# Kilz Oil or Zinsser Oil to Cover Nicotine Walls?



## seanheil (Nov 7, 2011)

Hello Painters,
I don't have a lot of experience in residential repaints and I'm wondering if you guys would recommend Kilz Original or Zinsser Cover Stain for covering nicotine covered walls and ceilings. Thanks.


----------



## CrpntrFrk (Oct 25, 2008)

Zinsser.

Not that I don't think Kilz will cover the stains but my experience is that Zinsser is just a better product all around.


----------



## SuperiorHIP (Aug 15, 2010)

I like zin also.


----------



## shives (Nov 12, 2011)

you should use a shellac base primer, cause that will reseal and stop all the smell from the smoke damage (bin)


----------



## Pete'sfeets (Mar 20, 2011)

that was my experience too. I primed an apt ceiling with oil primer and later when trying to do ceiling white the smoke stains reappeared, guess it wasn't double primed, sure I didn't wait the whole day for it to dry, but the shellac primer was once over and far less disappointment,,, or you could oil prime and then an oil in flat or just too coats of oil primer , who's looking anyhow. There is an oil primer that is extra white available I forget the brand.,could be kilz. As for the walls, they are usually wipable, and color unless you have to have pure white can usually hide it up.


----------



## Sir Mixalot (Jan 6, 2008)

Kilz hasn't let me down yet.:no: Although the Zinsser is a good product too. :thumbsup: 

This is from a older thread of mine: *http://www.contractortalk.com/f26/nicotine-before-after-photos*


Sir Mixalot said:


> Just finished a job in Cocoa Beach, FL where the guy that lived in the condo before my customers bought it was a hermit and smoked in it for 25 years.
> *Removing the popcorn texture:*
> *
> 
> ...


-Paul


----------



## ohiohomedoctor (Dec 26, 2010)

Pro block all the way for me!


----------



## ModernStyle (May 7, 2007)

BIN is the best, pain in the butt to work with but dries fast and seals in the stain and the odor. Cover stain will sometimes work but it's smell will stick around a lot longer then BIN. Kilo has failed me a few times so I don't use it anymore.


----------



## willfreshcoat (Nov 27, 2011)

pigmented shellac....nothin better


----------



## HDPaintPro (Dec 6, 2010)

The shellac base will do the trick - but its pretty harsh (smell wise) so make sure you vent. Also, you may find that it is not cost effective right now (almost doubled in price) due to supply shortage.

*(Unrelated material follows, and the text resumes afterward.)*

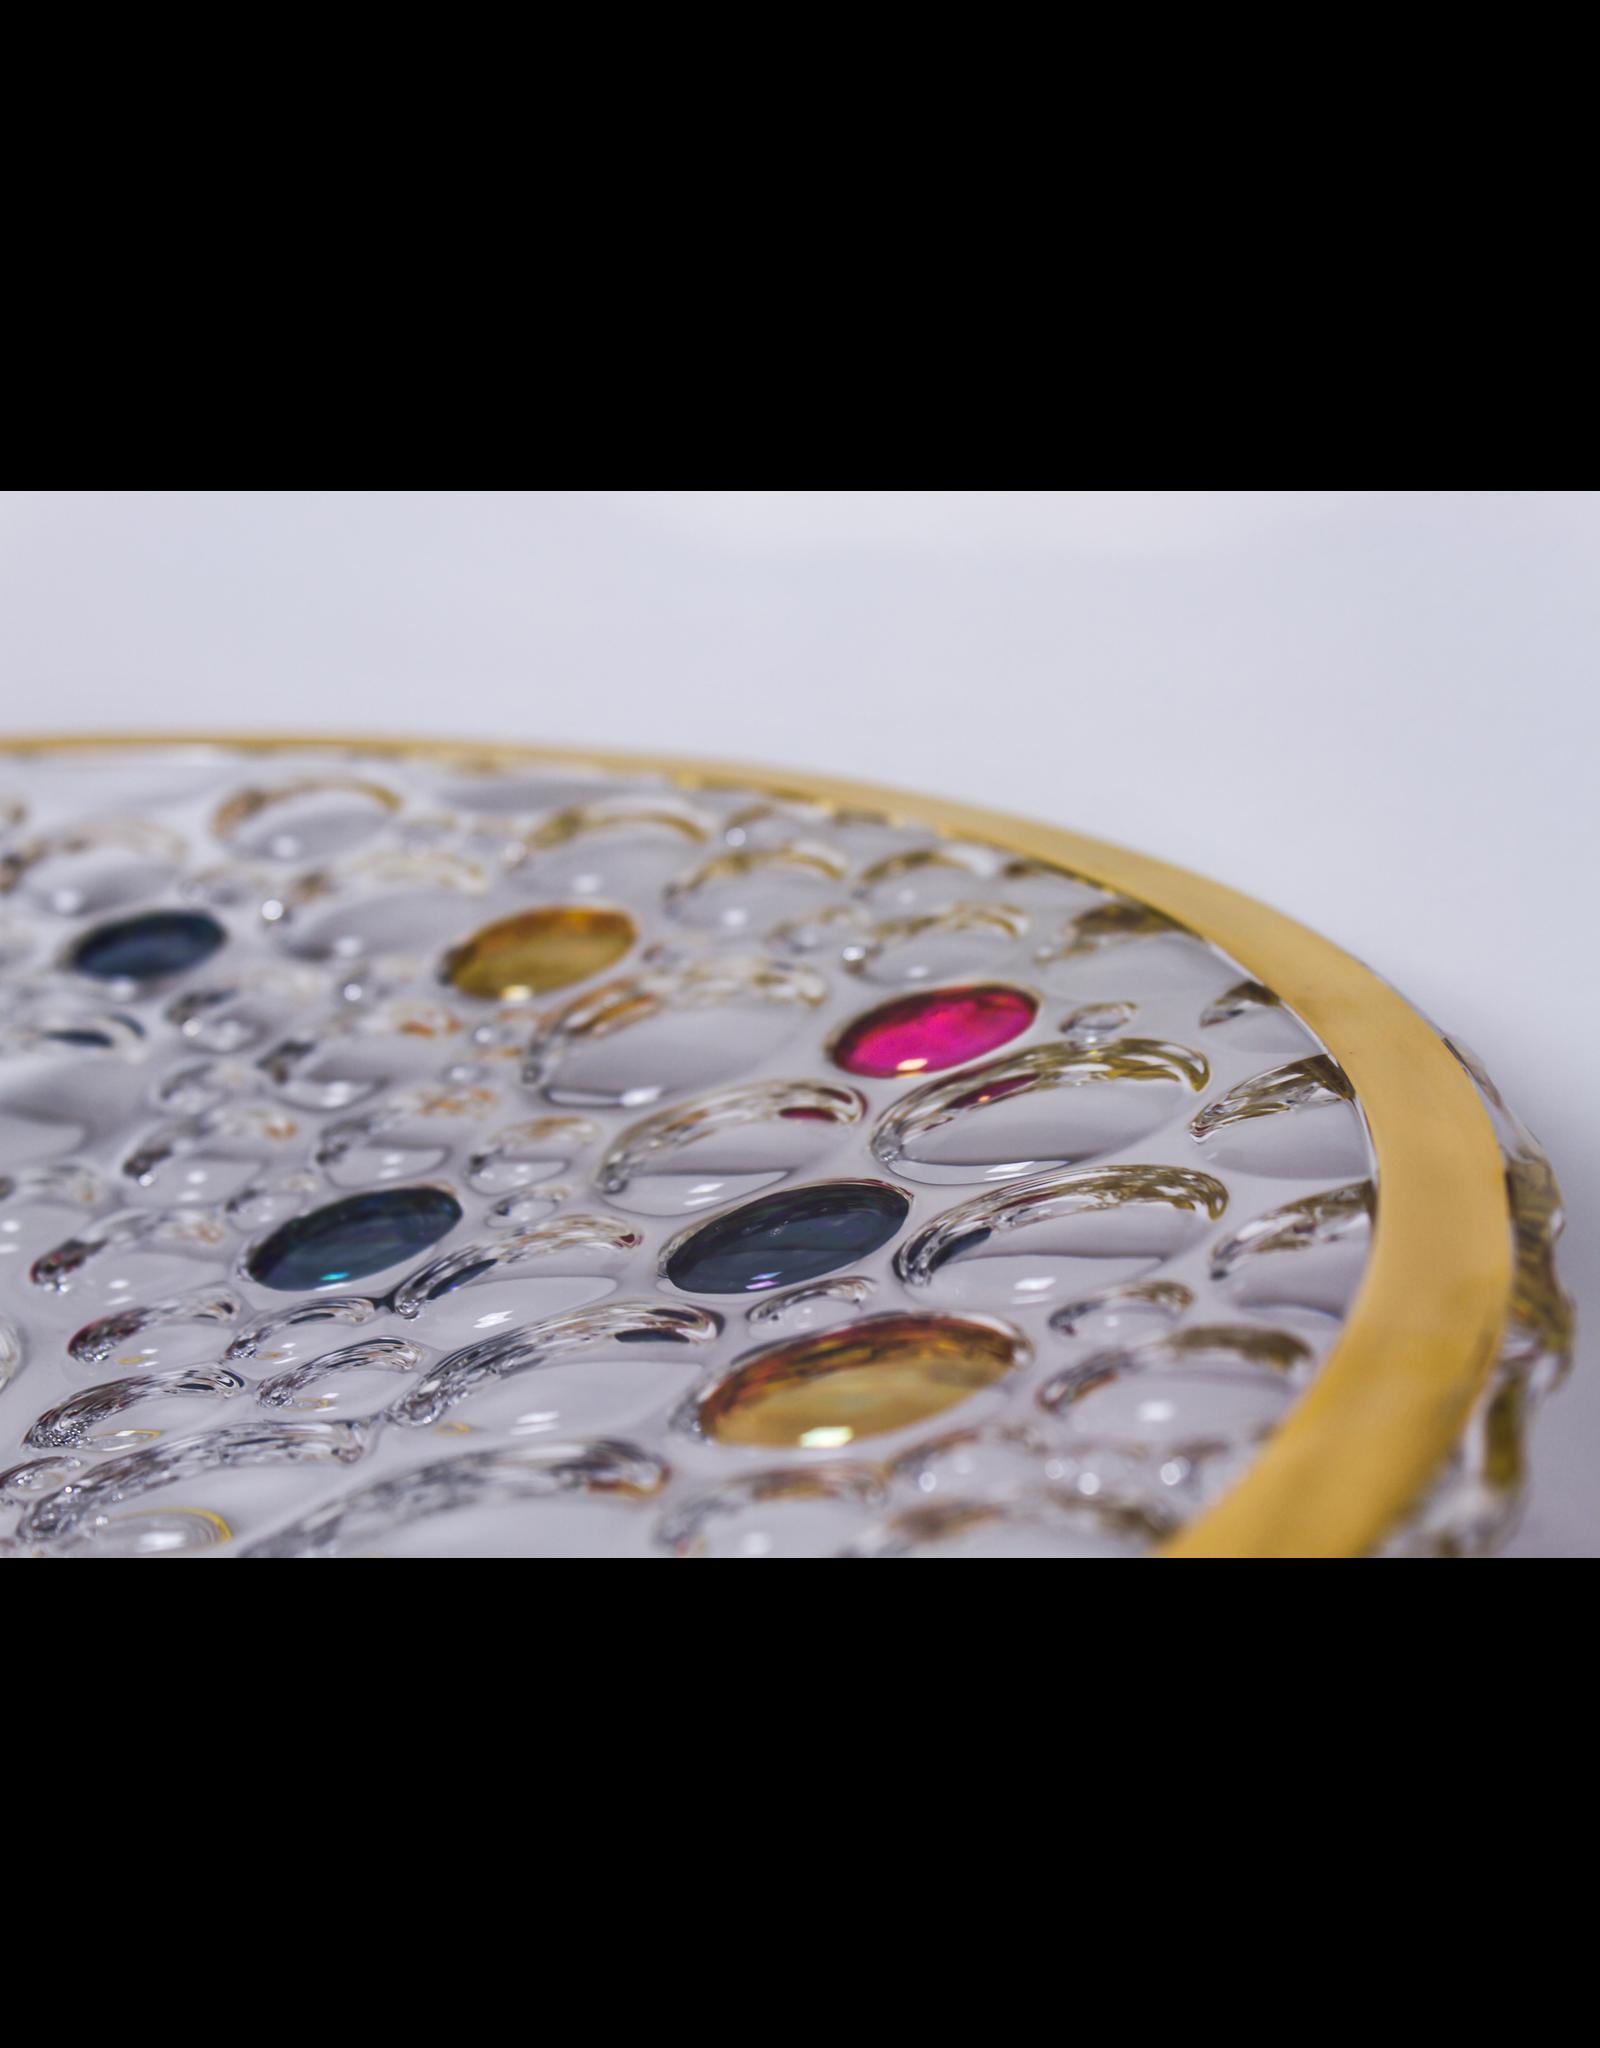 Skloglass Bolla kristal plateau op standaard / kleurrijk decoratie

Second option would be Zinsser Cover Satin oil primer. Big Box will have it cheapest.


----------



## We Fix Houses (Aug 15, 2007)

Curious to know....do you try to clean the nicotine off the surfaces first and with what ?


----------



## HDPaintPro (Dec 6, 2010)

Ideally speaking - yes. But, it is time consuming...time is money.

Consider that most of all the smoke rose, so the ceiling for sure gets primed, next is any crown and then just clean the walls with TSP. My point is that you will still want to prime the walls regardless.

Doing this one time is the payoff. Not having to deal with it again.


----------